Results and Diagnosis

The script's output clearly shows the discrepancy between LogsQL and the Jaeger API. It highlights the number of spans returned by each query and identifies the missing spans. The diagnosis section of the output confirms that the Jaeger API has a time window limitation, filtering out spans that end after approximately 30 seconds from the trace start. The script's clear and concise output makes it easy to understand the issue and verify the bug.

Version Information

We were running VictoriaTraces version victoria-traces-20251014-032256-tags-v0.4.0-0-g8a5f1b618 when we encountered this bug. This specific version information helps in tracking down the exact source of the issue and ensures that any fixes are targeted appropriately.

Logs and Screenshots

Unfortunately, we don't have access to the server logs directly. However, the provided Python script should allow you to reproduce the issue in your own environment and examine the logs there. Screenshots are not applicable in this case, as the bug is best demonstrated through the script's output and the comparison of span counts.

Command-Line Flags

We didn't use any special command-line flags when running VictoriaTraces. The default configuration should be sufficient to reproduce the bug.

Additional Information

We've provided all the necessary information to reproduce and understand this bug. We hope this helps in resolving the issue quickly.

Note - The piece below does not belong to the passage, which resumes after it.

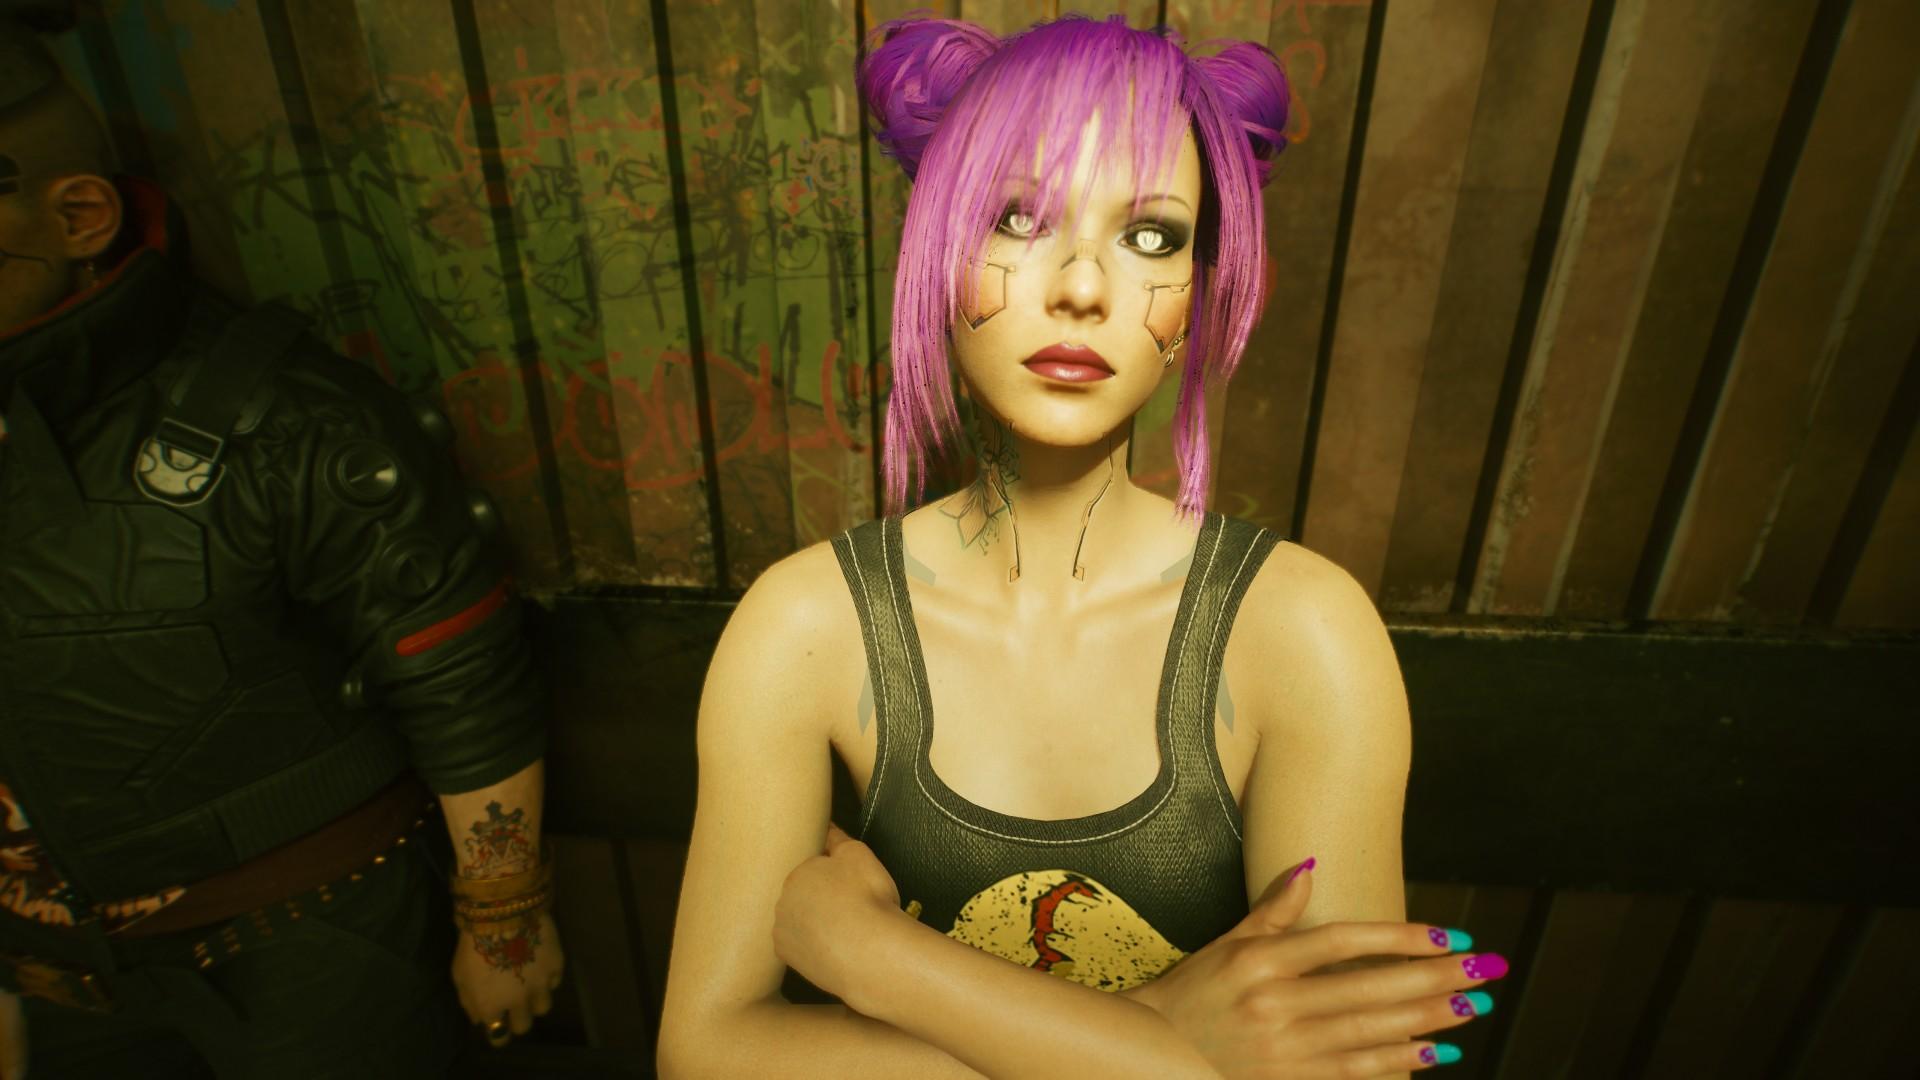 Cyberpunk 2077 Female Nomad V: Game Saves

Conclusion: The Path to Complete Traces

In summary, the VictoriaTraces Jaeger API bug, where only spans ending within a short timeframe are returned, poses a significant challenge to effective application monitoring and debugging. By providing a clear problem description, reproducible test case, and detailed version information, we aim to facilitate a swift resolution. Complete traces are essential for gaining comprehensive insights into application behavior, and we look forward to a fix that addresses this limitation.

We hope this detailed explanation has been helpful! Let us know if you have any questions or if you encounter similar issues. Let's work together to make our tracing systems more reliable and insightful.